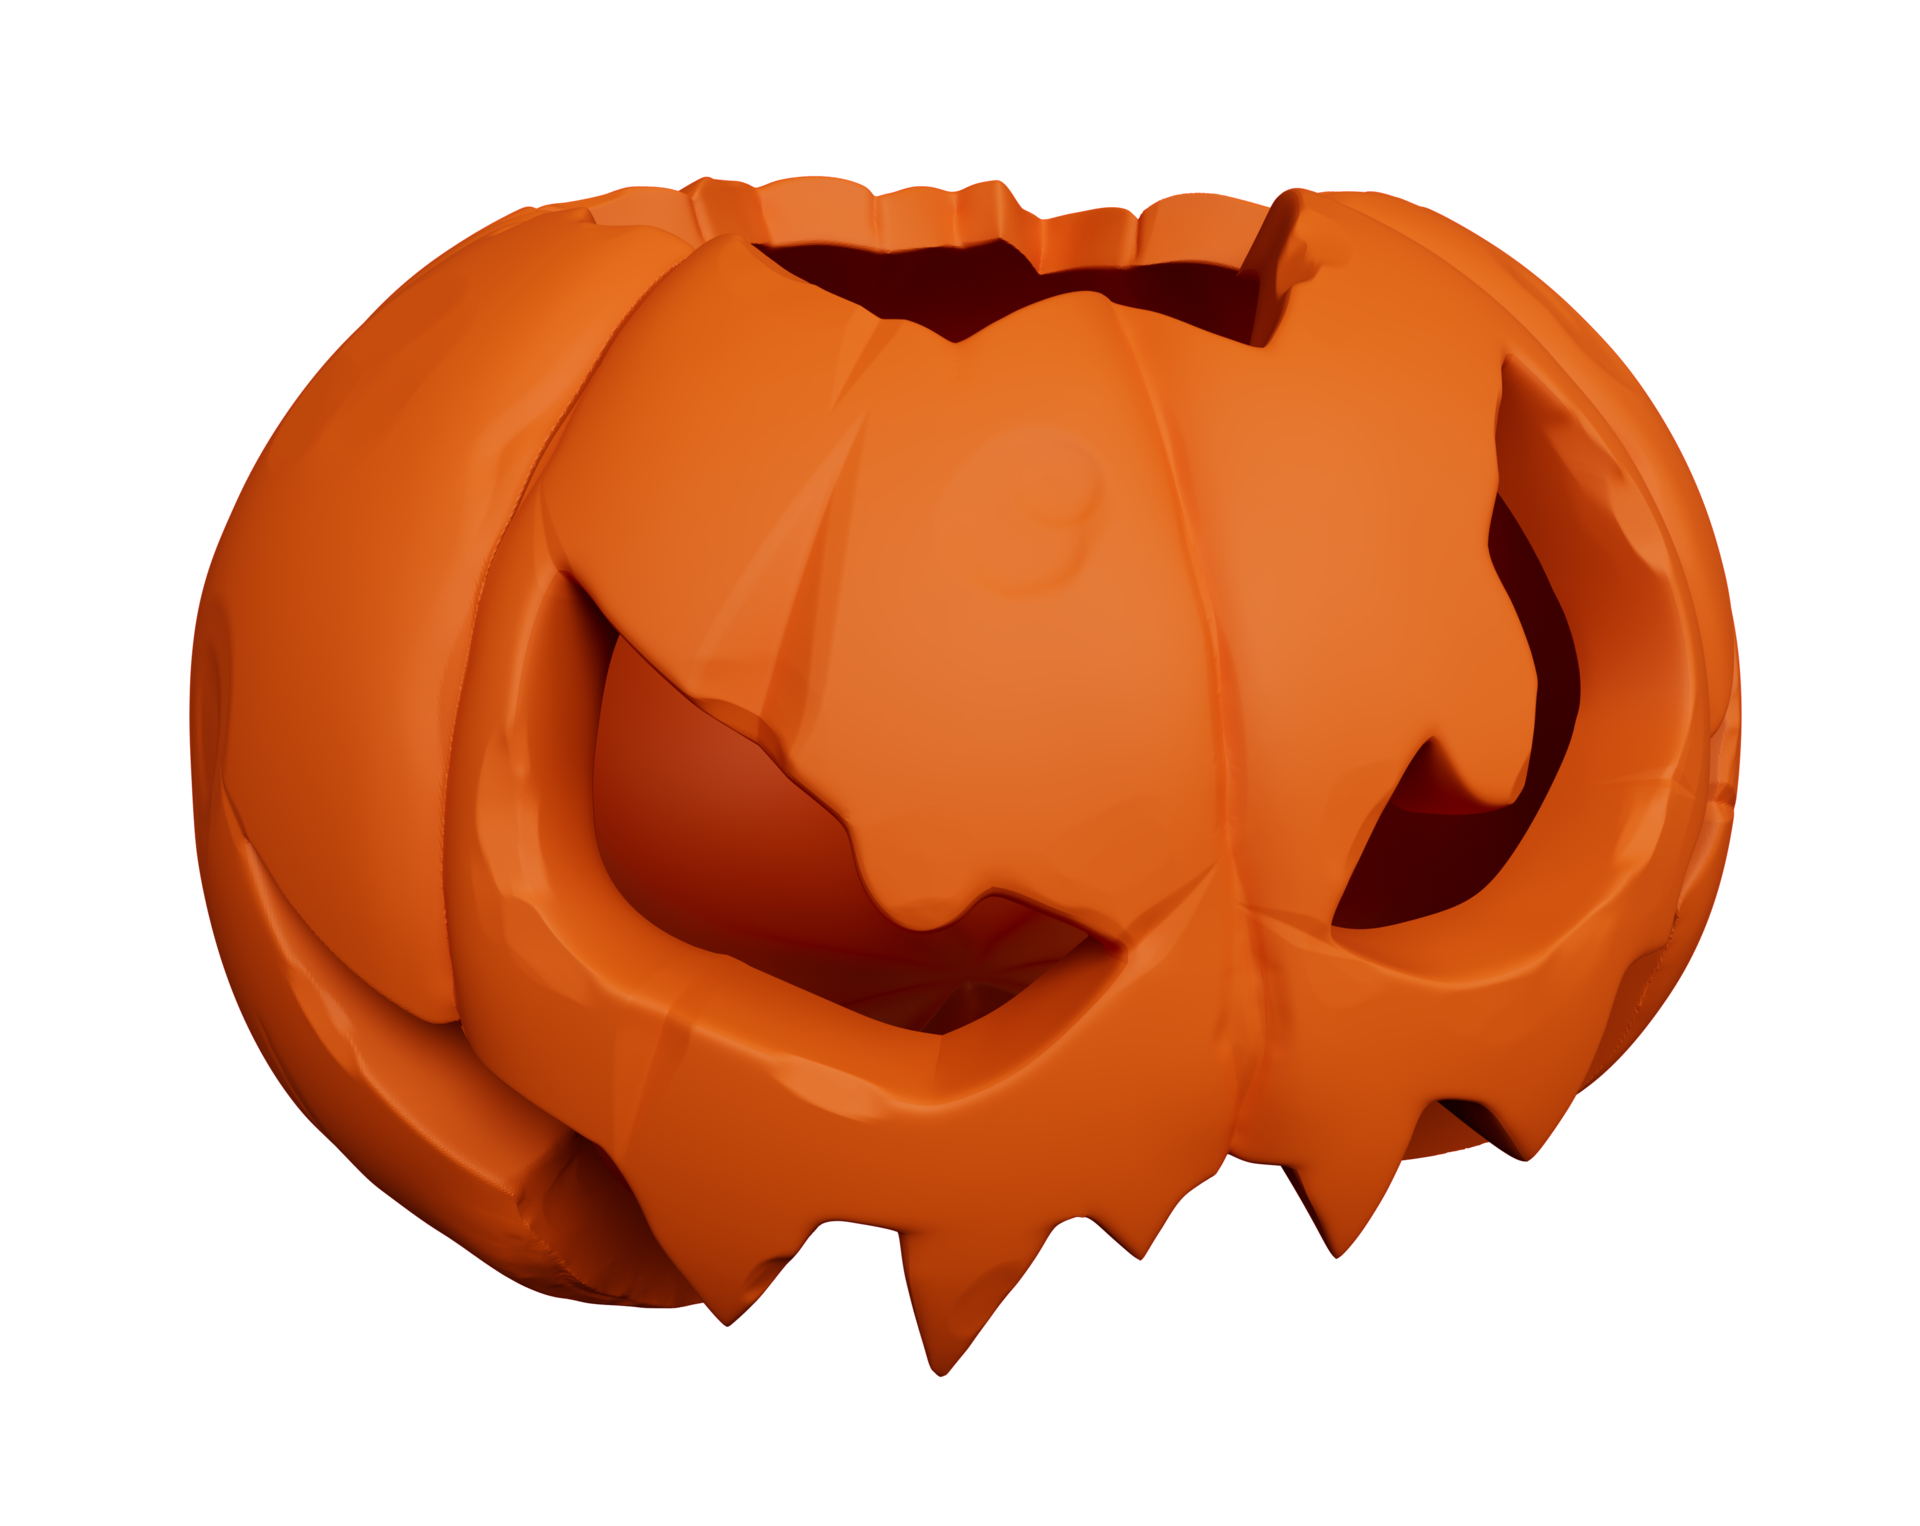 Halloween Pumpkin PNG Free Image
===
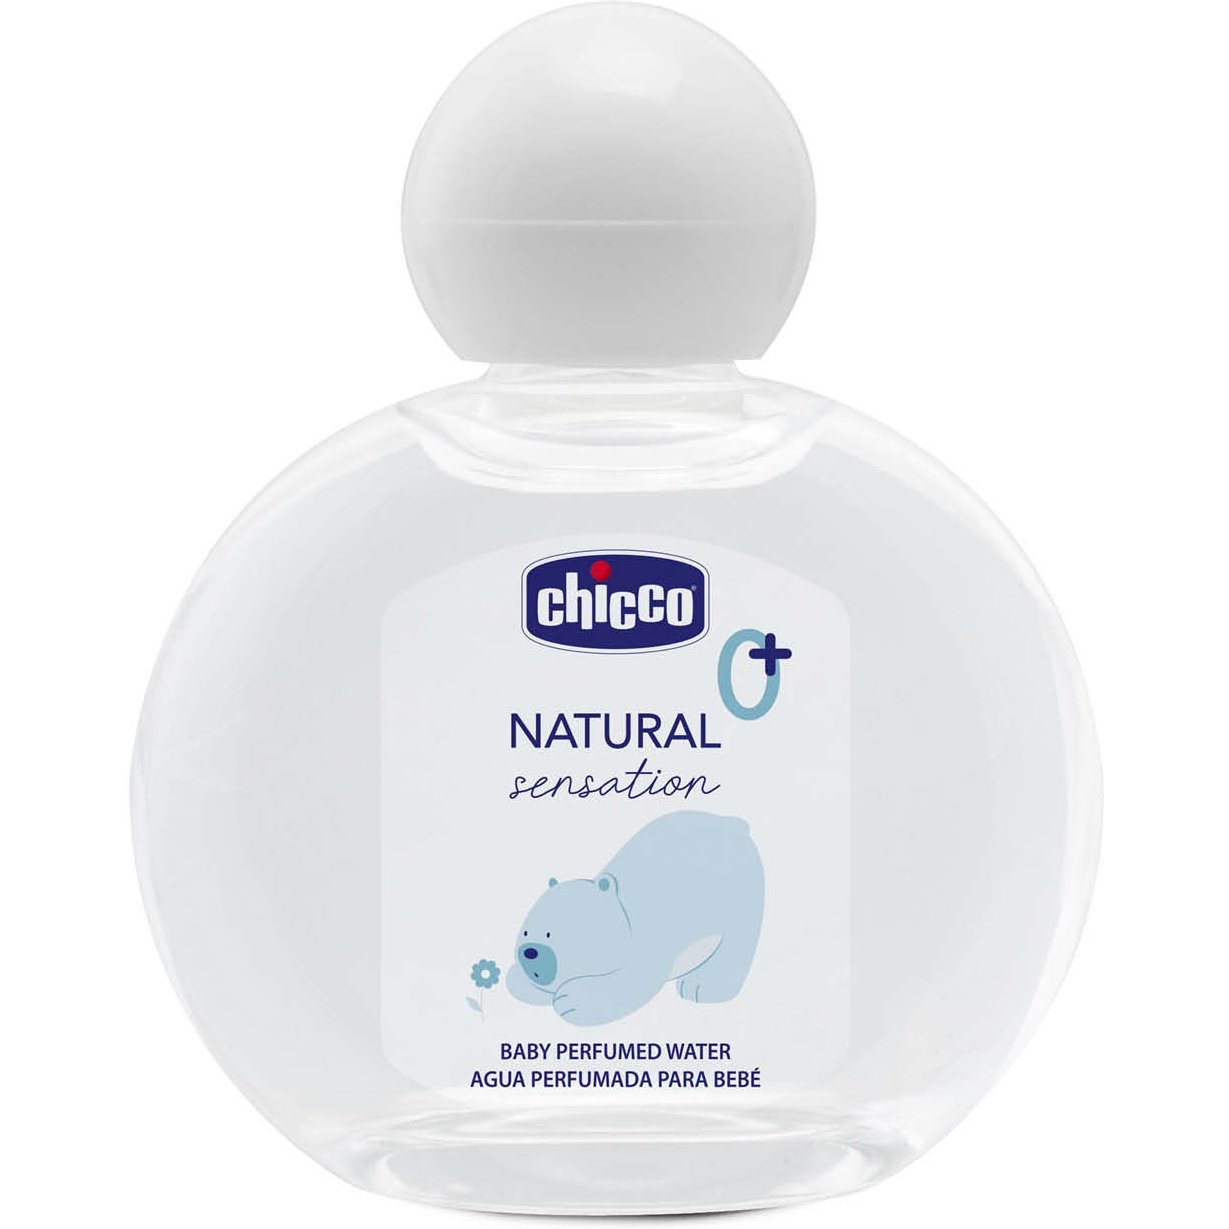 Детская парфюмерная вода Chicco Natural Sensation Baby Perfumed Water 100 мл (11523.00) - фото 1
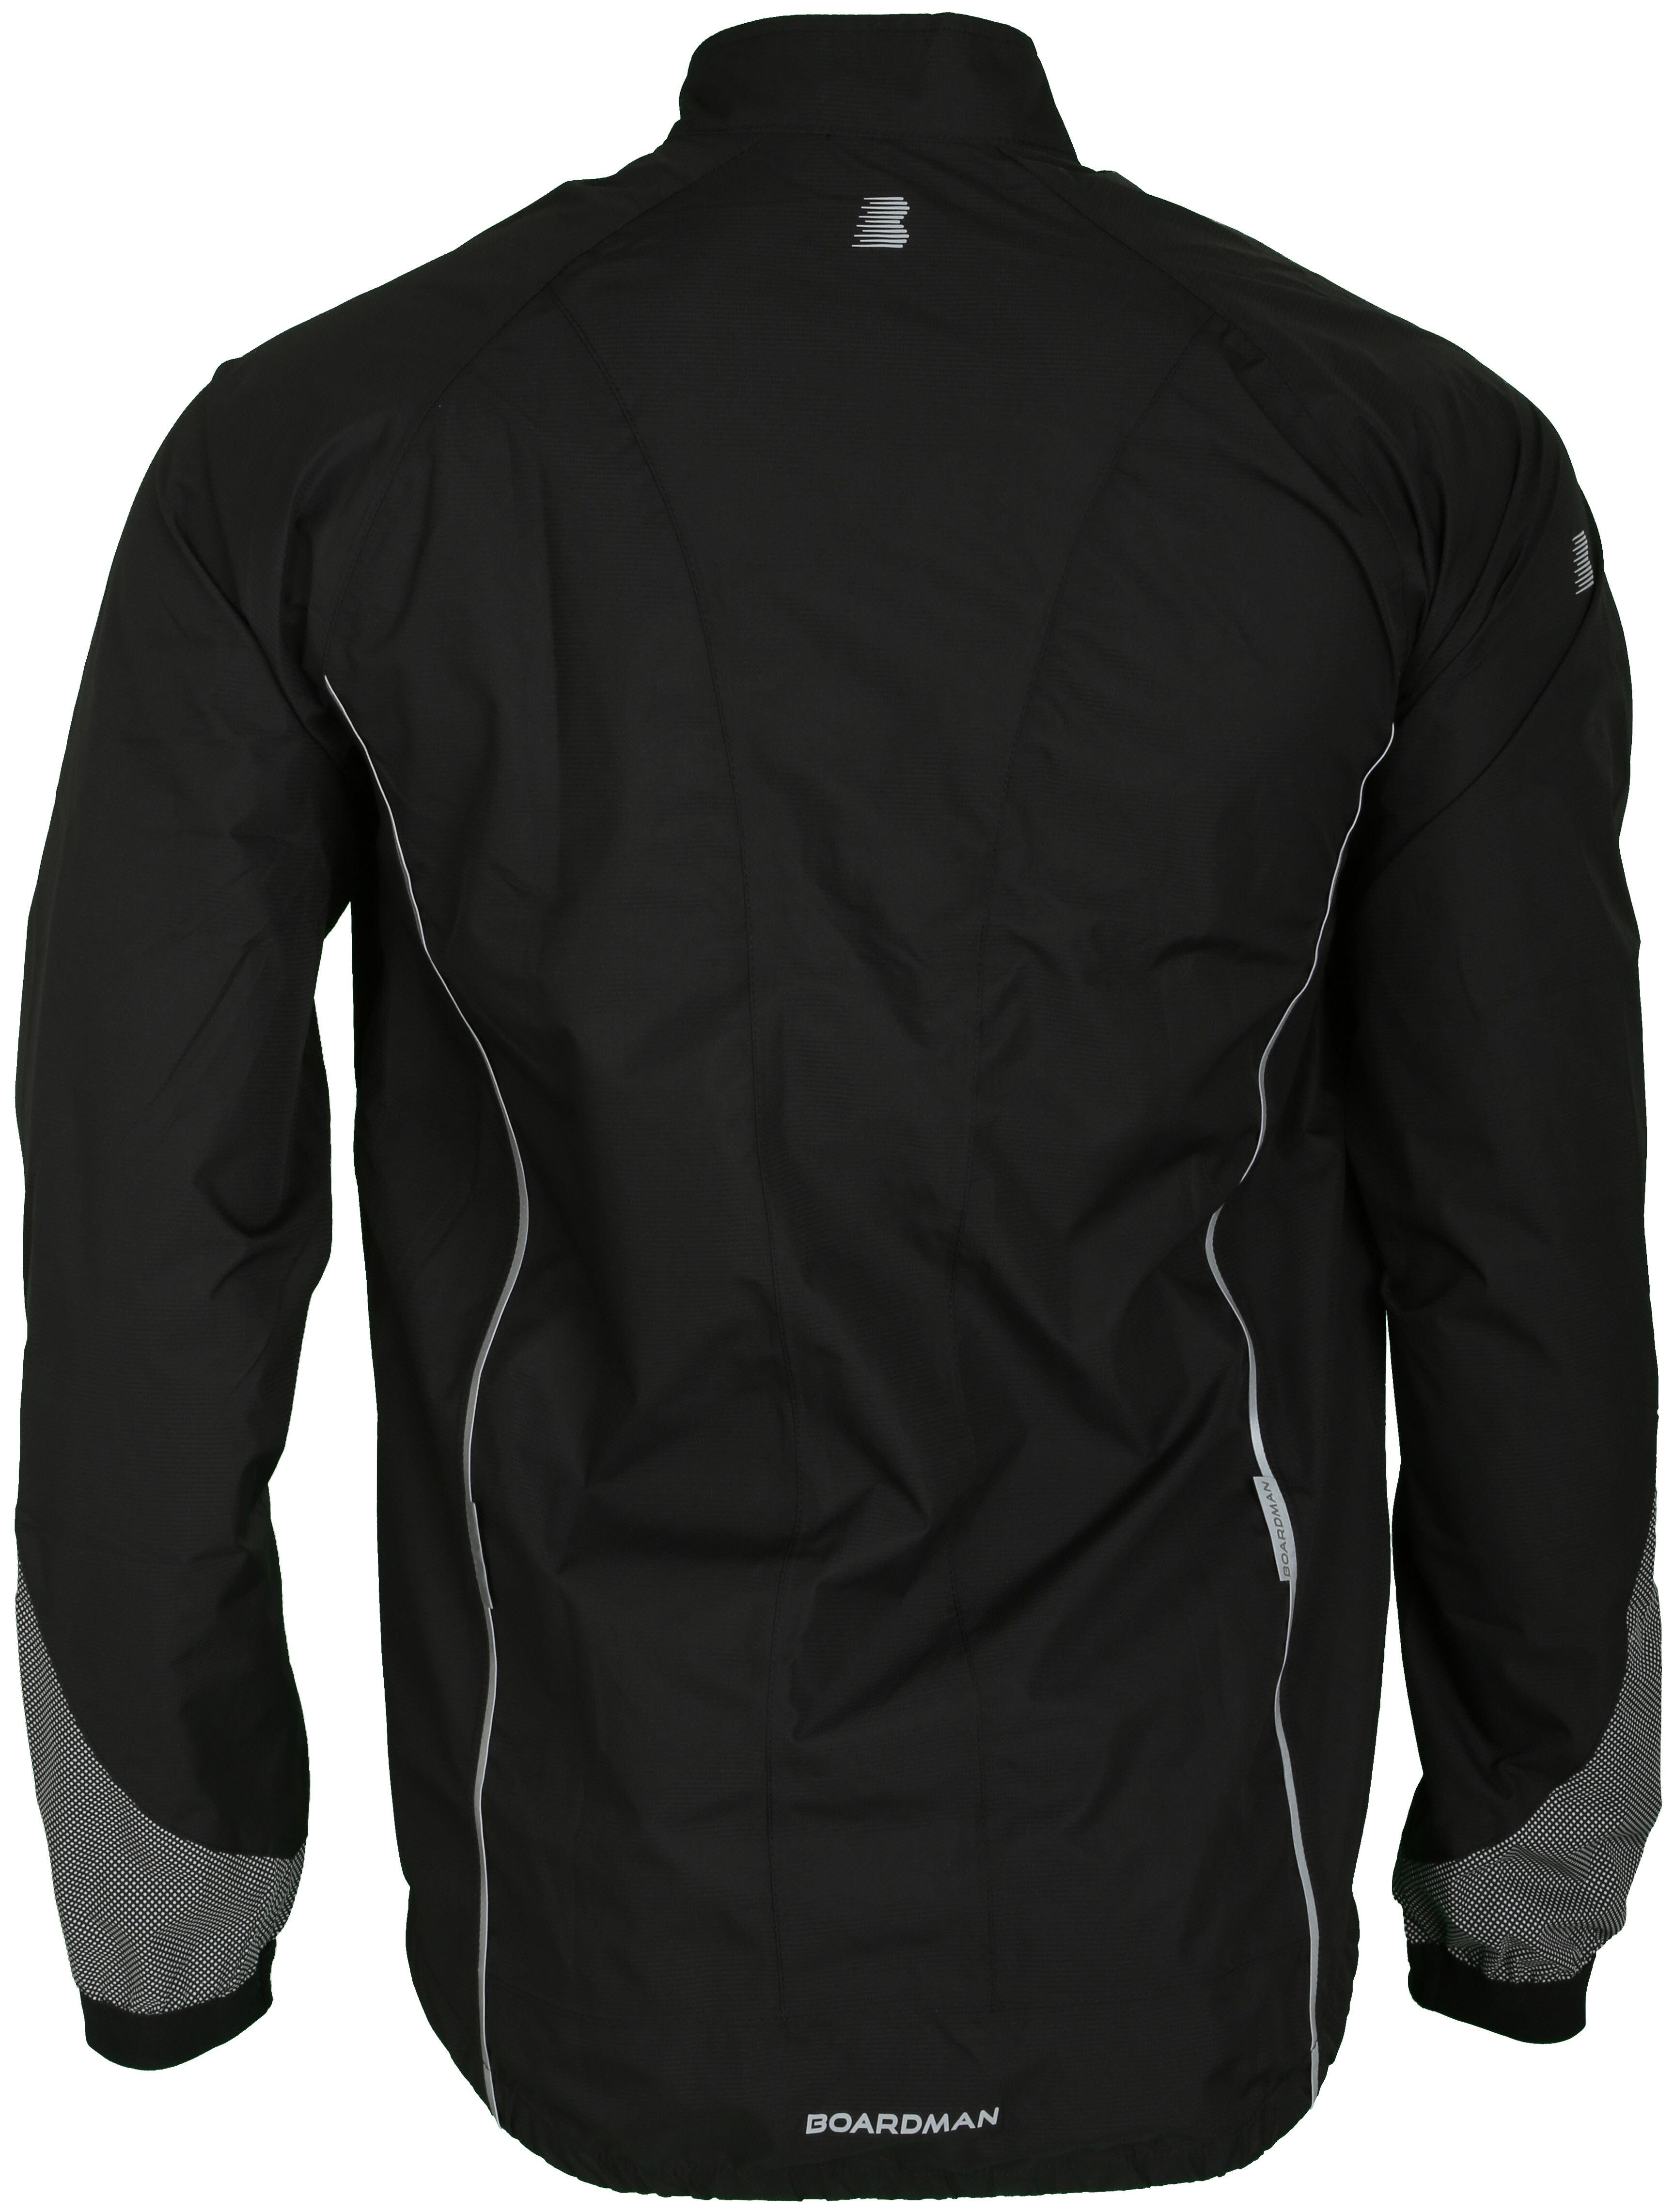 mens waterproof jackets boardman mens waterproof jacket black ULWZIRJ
===
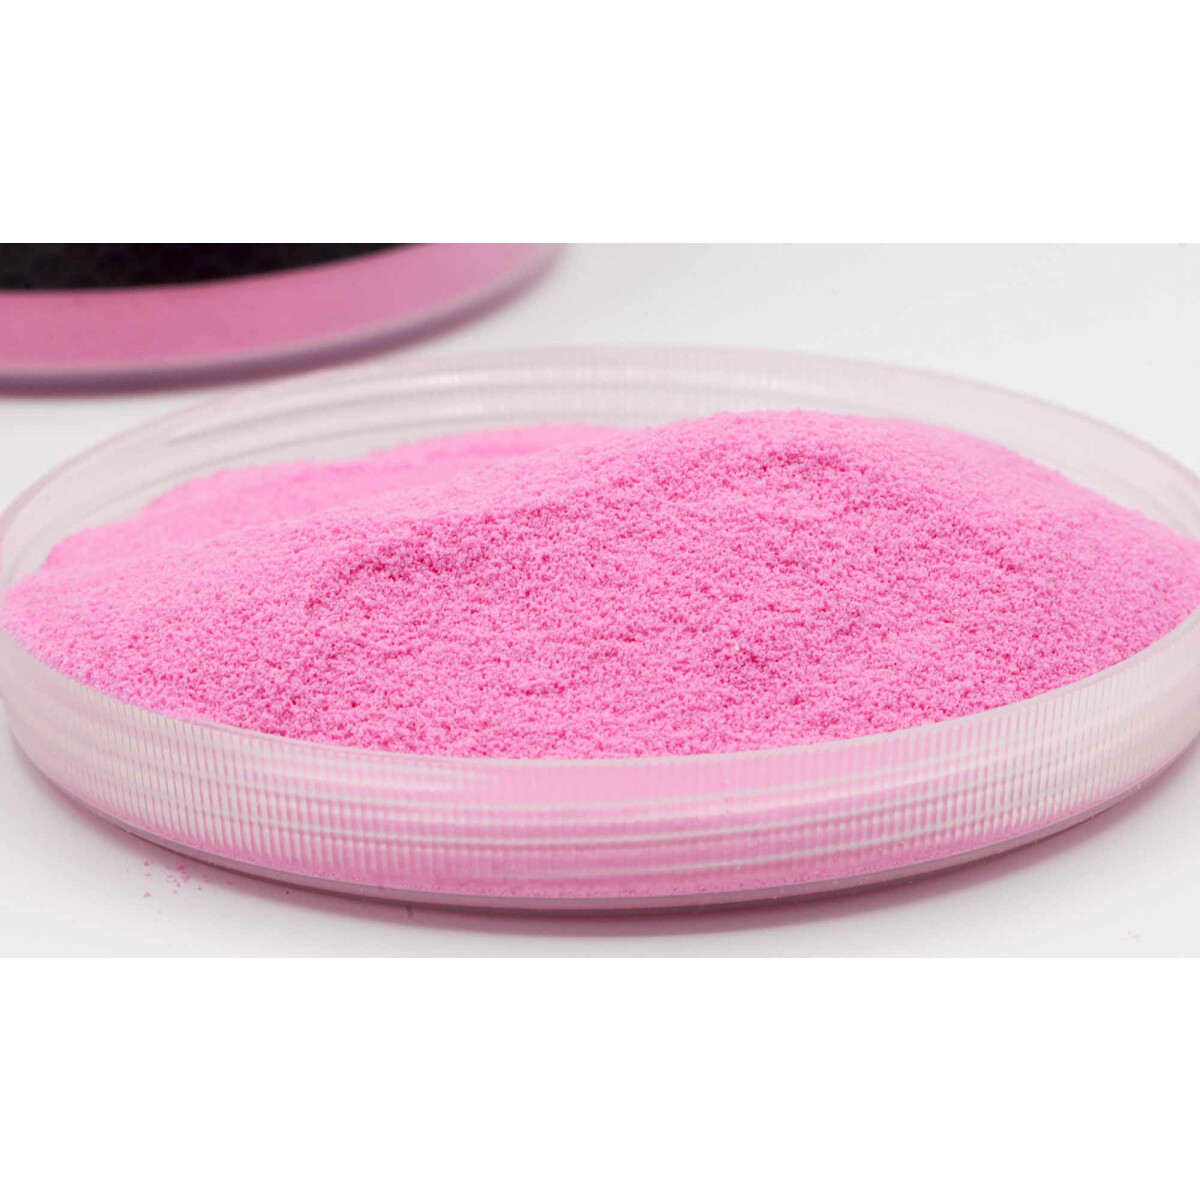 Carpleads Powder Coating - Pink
===
Nothing but the lines above from the line with "Детская парфюмерная вода" up to and including the line with "mens waterproof jackets" should be returned, exactly as written and without pictures.

Solution below
 Детская парфюмерная вода Chicco Natural Sensation Baby Perfumed Water 100 мл (11523.00) - фото 1
 mens waterproof jackets boardman mens waterproof jacket black ULWZIRJ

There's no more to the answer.